Hugmun Studio also collaborated with 3D artist Marek Degórski on 3D elements that helped bring the brand to life, including a personalised 3D mask just for Caylin. “And when we came across 3D artist Vi.zuza’s work, we knew we wanted to bring these surreal, extraordinary scenes of nature into the EnKō fold,” Elsom adds.

“For the packaging, we love to work with Marceli Printery. They have a special eye for detail, materials and rigorous print testing. It should not just be about looks but how it feels, and they are masters of this craft. They used a blind deboss and black letterpress on Carte à Parfum paper by Fedrigoni. Complimentary font Sometimes Times Italic by Boulevardlab provides a lighter but equally intricate contrast to Rabbit Hole. These are offset by serif font Plain by Optimo.”

“Liquid, free-flowing lines”

EnKō is a word originating in Japanese folklore, meaning water dragon. Hugmun Studio intended to make not the inspiration obvious, but it led them to the typography style. “The liquid, free-flowing lines”, as Harriet Elsom puts it. “The fact that this corresponded beautifully with the makeup style and products was a nice moment.”

“Caylin and the EnKō products inspired the brand. The high fashion avant-garde looks. This is why we see a lot of interesting shapes, and whilst colour does not play a big part in the packaging itself, the identity has colourful holographic elements, just like the eye shadow colours. The liquidity in the shape of the typography is representative of her makeup style and the products,” Elsom explains.

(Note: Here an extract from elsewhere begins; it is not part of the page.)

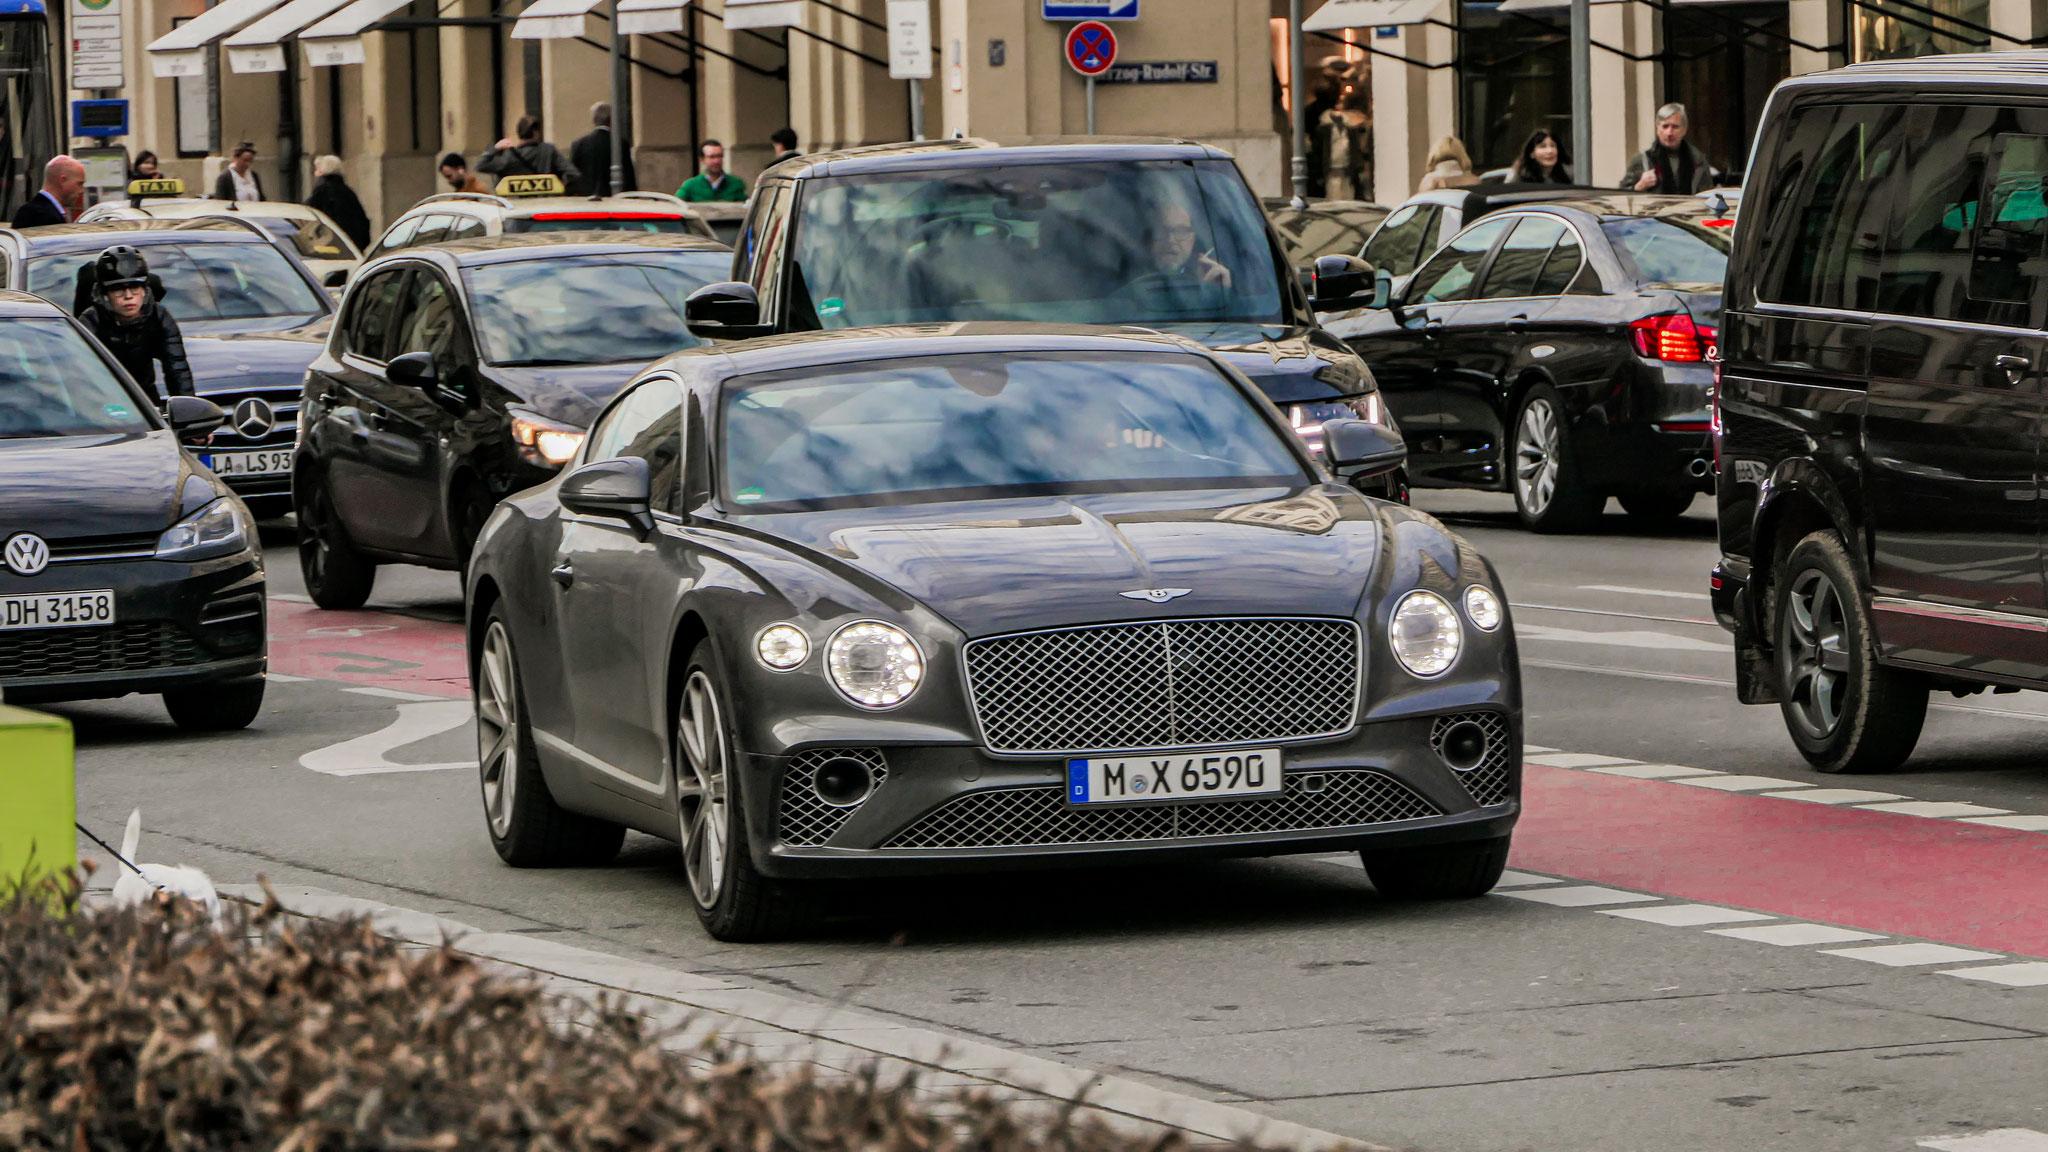 Bentley Continental GT - M-X-6590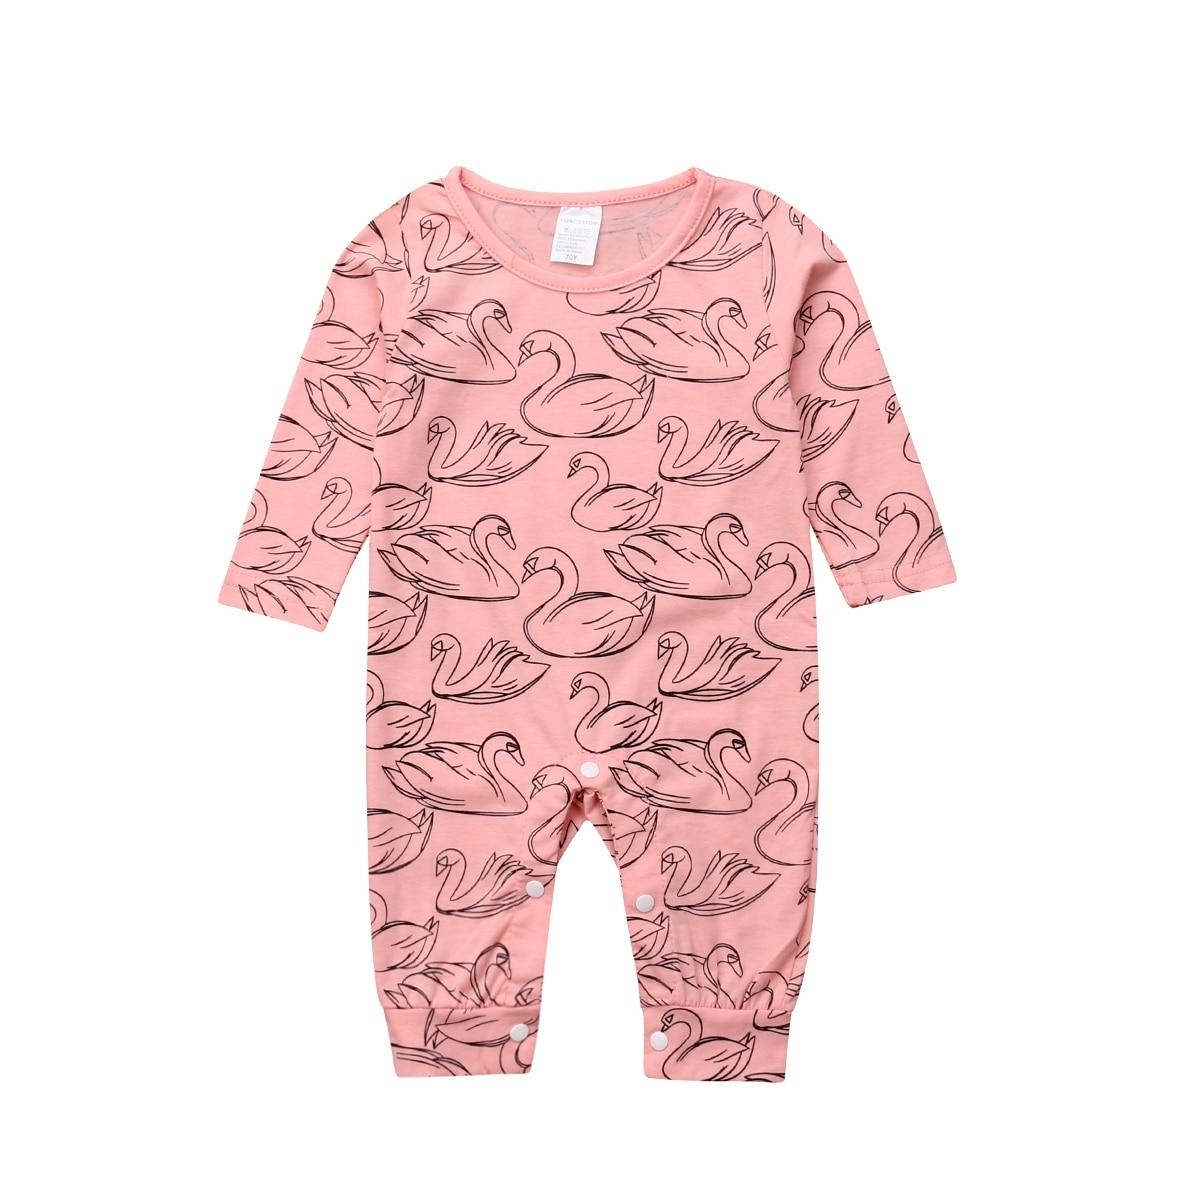 Newborn Kids Baby Girls Cartoon Swan   Romper   Cotton Long Sleeve Jumpsuit Clothes

“We wanted to keep the packaging black and white because of the fantastical colours inside,” Elsom continues. “We didn’t want to overshadow what happens when it is opened. Instead, we gave each product an individual lettering system based on the first letter of each product name. Whilst black and white are the primary colours used for the packaging, we have a secondary colour palette built up of multidimensional holographic colours based on the 3D elements and animations that were created.”